## The task
Nothing should appear in the answer except the lines from the one with "Chuteira Society Nike" through the end of the listing below, transcribed exactly and without pictures.

## Available data
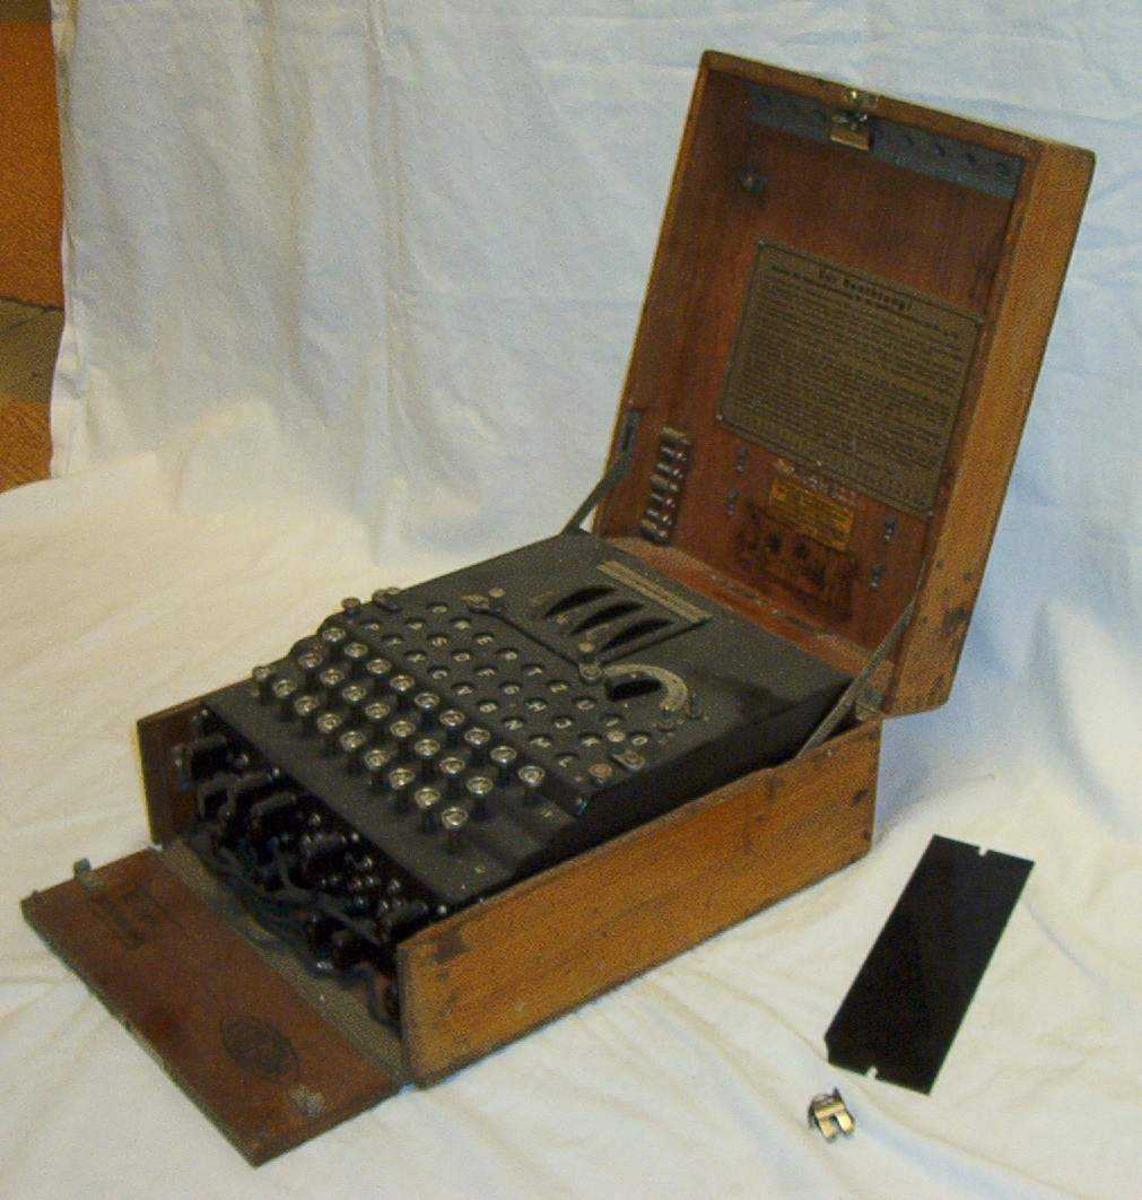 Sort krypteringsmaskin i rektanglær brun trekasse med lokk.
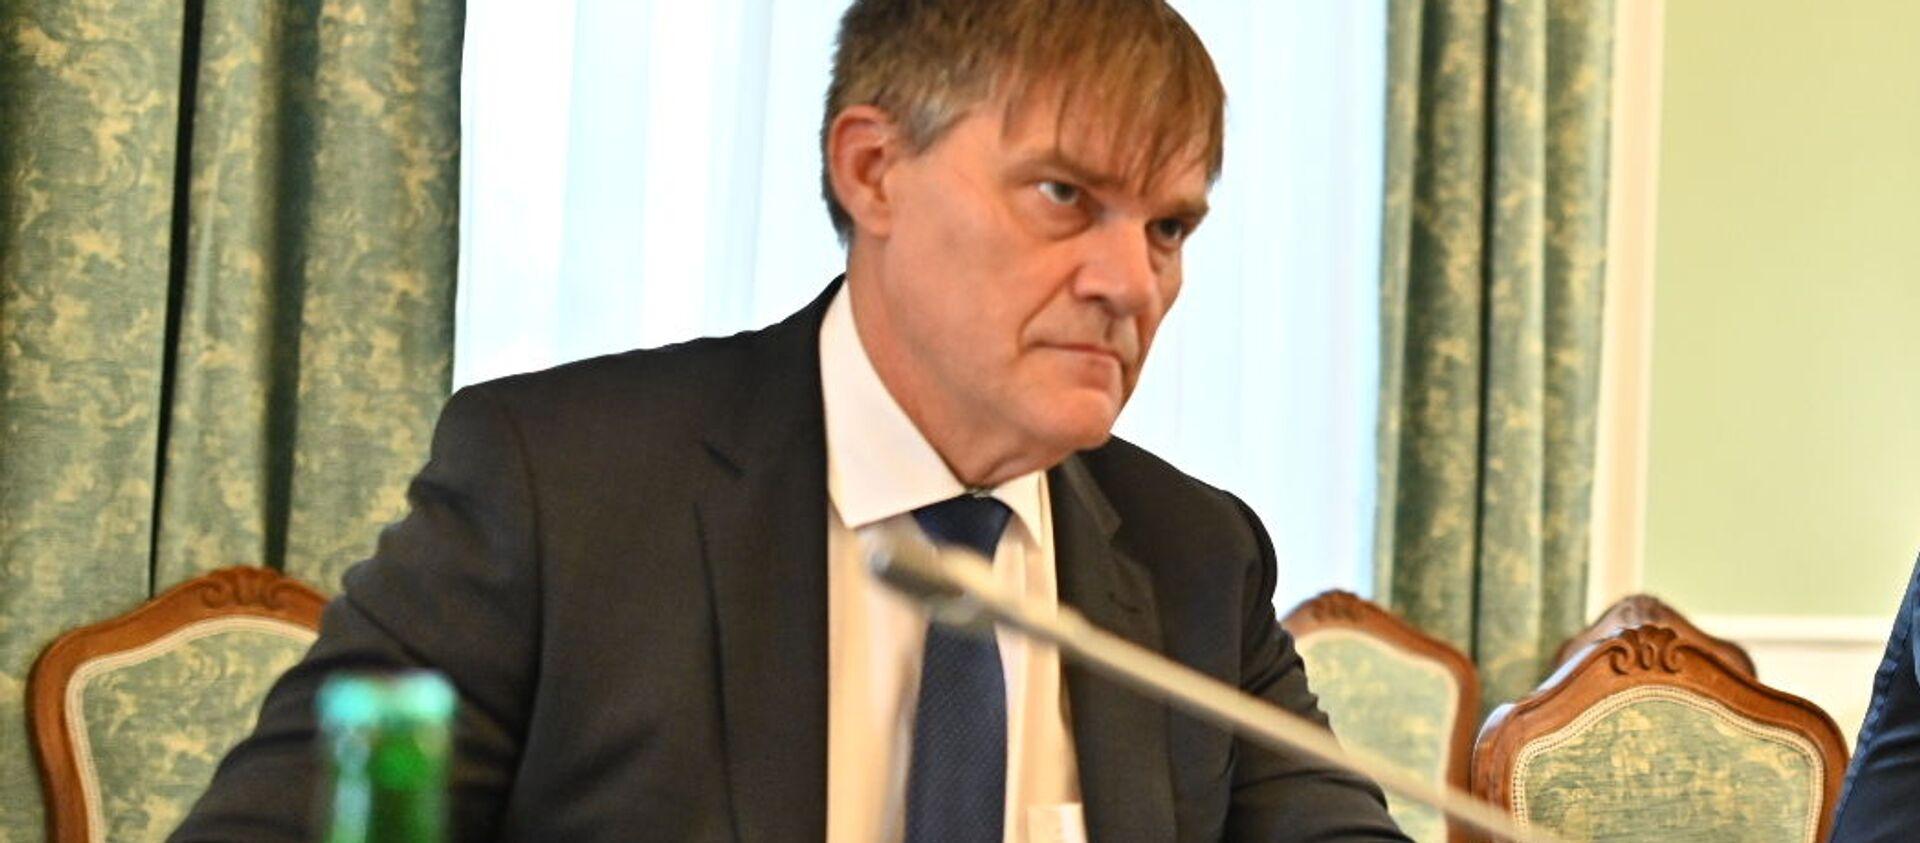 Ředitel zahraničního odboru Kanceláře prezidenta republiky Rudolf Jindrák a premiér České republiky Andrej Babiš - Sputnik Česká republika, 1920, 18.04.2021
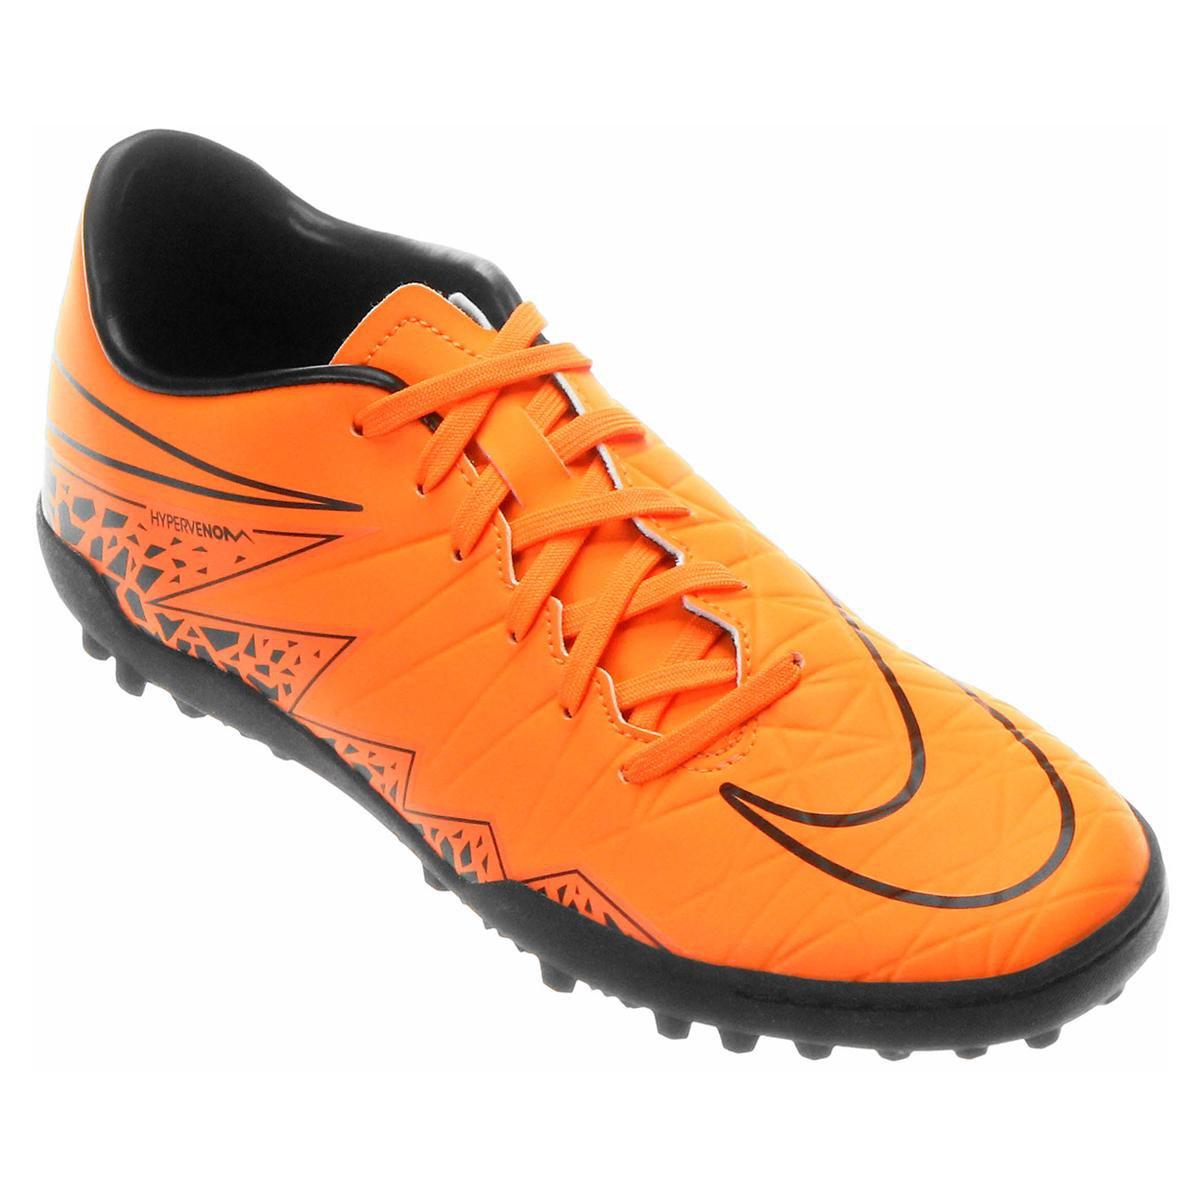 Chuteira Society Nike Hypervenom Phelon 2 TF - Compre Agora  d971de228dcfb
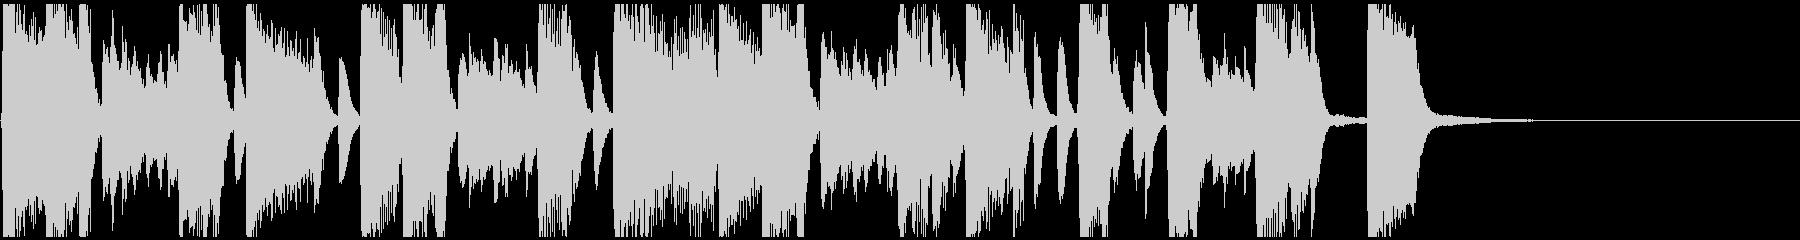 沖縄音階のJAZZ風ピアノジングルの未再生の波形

## Result for this exercise
 Chuteira Society Nike Hypervenom Phelon 2 TF - Compre Agora  d971de228dcfb
 沖縄音階のJAZZ風ピアノジングルの未再生の波形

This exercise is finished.